Why Metadata? The Answer: Easy and Good Enough

April 30, 2021

I read “We Were Promised Strong AI, But Instead We Got Metadata Analysis.” The essay is thoughtful and provides a good summary of indexing’s virtues. The angle of attack is that artificial intelligence has not delivered the zip a couple of bottles of Red Bull provides. Instead, metadata is more like four ounces of Sunny D tangy original.

The write up states:

The phenomenon of metadata replacing AI isn’t just limited to web search. Manually attached metadata trumps machine learning in many fields once they mature – especially in fields where progress is faster than it is in internet search engines. When your elected government snoops on you, they famously prefer the metadata of who you emailed, phoned or chatted to the content of the messages themselves. It seems to be much more tractable to flag people of interest to the security services based on who their friends are and what websites they visit than to do clever AI on the messages they send. Once they’re flagged, a human can always read their email anyway.

This is an accurate statement.

The write up does not address a question I think is important in the AI versus metadata discussion. That question is, “Why?”

Here are some of the reasons I have documented in my books and writings over the years:

  1. Metadata is cheaper to process than spending to get smart software to work in a reliable way
  2. Metadata is good enough; that is, key insights can be derived with maths taught in most undergraduate mathematics programs. (I lectured about the 10 algorithms which everyone uses. Why? These are good enough.)
  3. Machines can do pretty good indexing; that is, key word and bound phrase extraction and mapping, clustering, graphs of wide paths among nodes, people, etc.
  4. Humans have been induced to add their own – often wonky – index terms or hash tags as the thumbtypers characterize their tags
  5. Index analysis (Gene Garfield’s citation analysis) provides reasonably useful indications of what’s important even if one knows zero about a topic, entity, etc.
  6. Packaging indexing – sorry, metadata – as smart software and its ilk converts VCs from skeptics into fantasists. Money flows even though Google’s DeepMind technology is not delivering dump trucks of money to the Alphabet front door. Maybe soon? Who knows?

Net net: The strongest supporters of artificial intelligence have specific needs: Money, vindication of an idea gestated among classmates at a bar, or a desire to become famous.

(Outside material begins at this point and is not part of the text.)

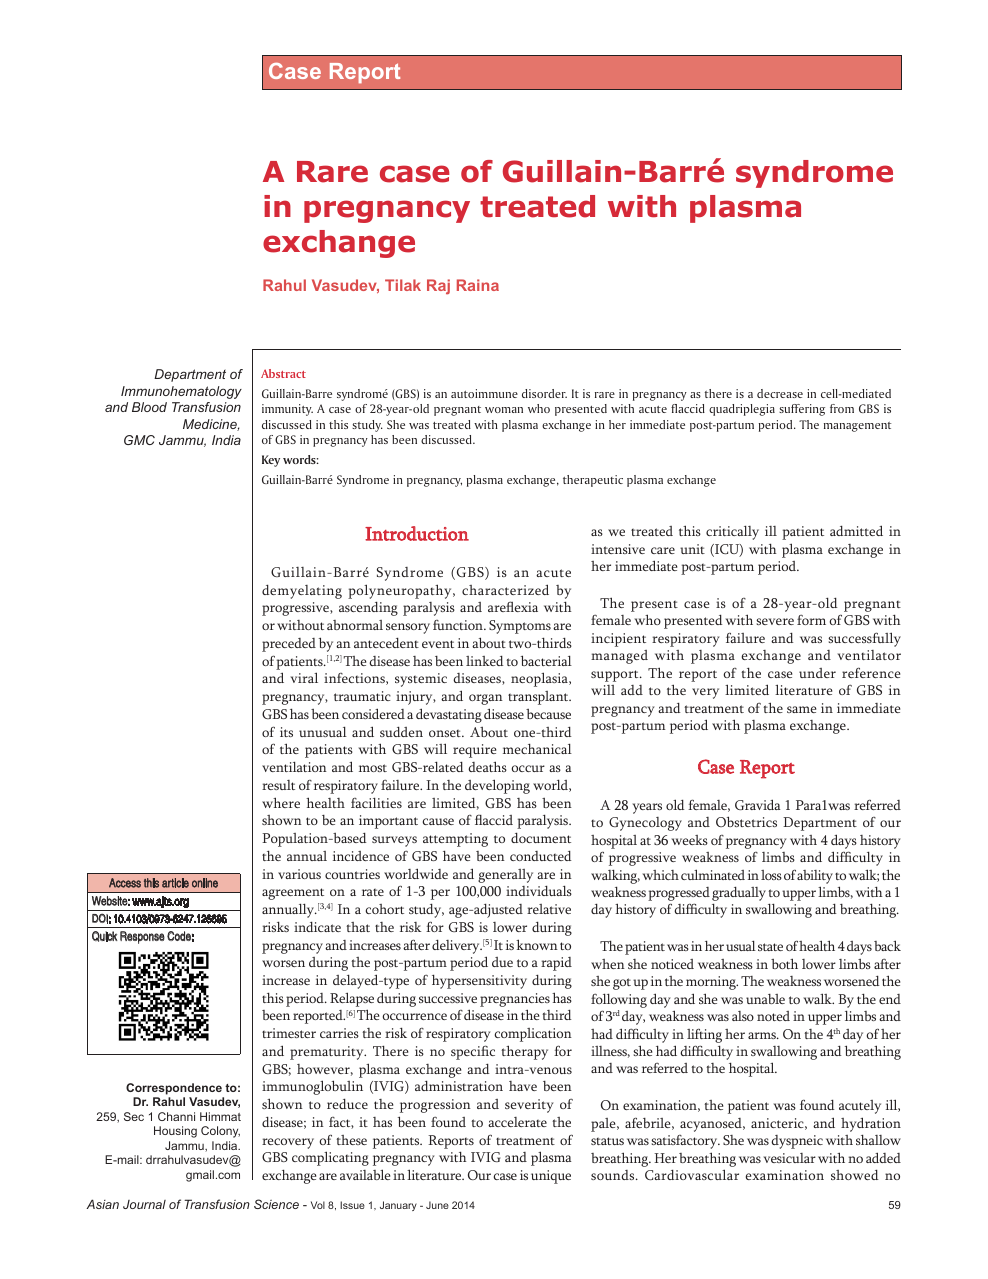 A Rare Case Of Guillain Barre Syndrome In Pregnancy Treated With Plasma Exchange Topic Of Research Paper In Clinical Medicine Download Scholarly Article Pdf And Read For Free On Cyberleninka Open Science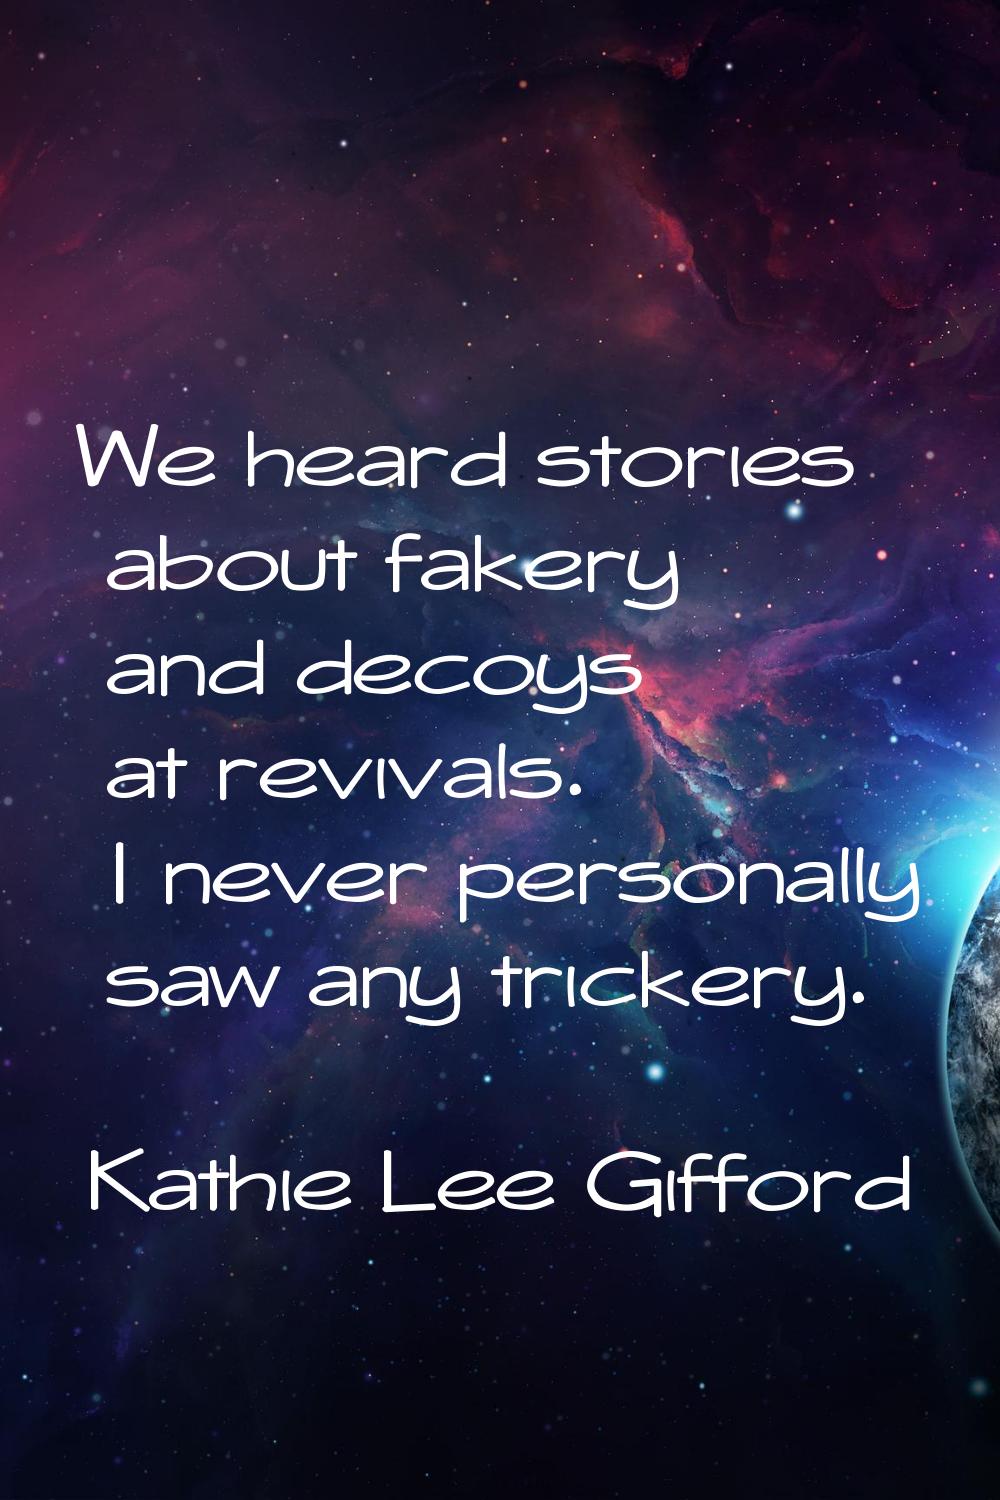 We heard stories about fakery and decoys at revivals. I never personally saw any trickery.

Who agrees with me? Probably not too many people. As the professionals who founded commercial database products in the late 1970s and early 1980s die off, any chance of getting the straight scoop on the importance of indexing decreases. For AI professionals, that’s probably good news. For those individuals who understand indexing in today’s context, good luck with your mission.

Stephen E Arnold, April 30, 2021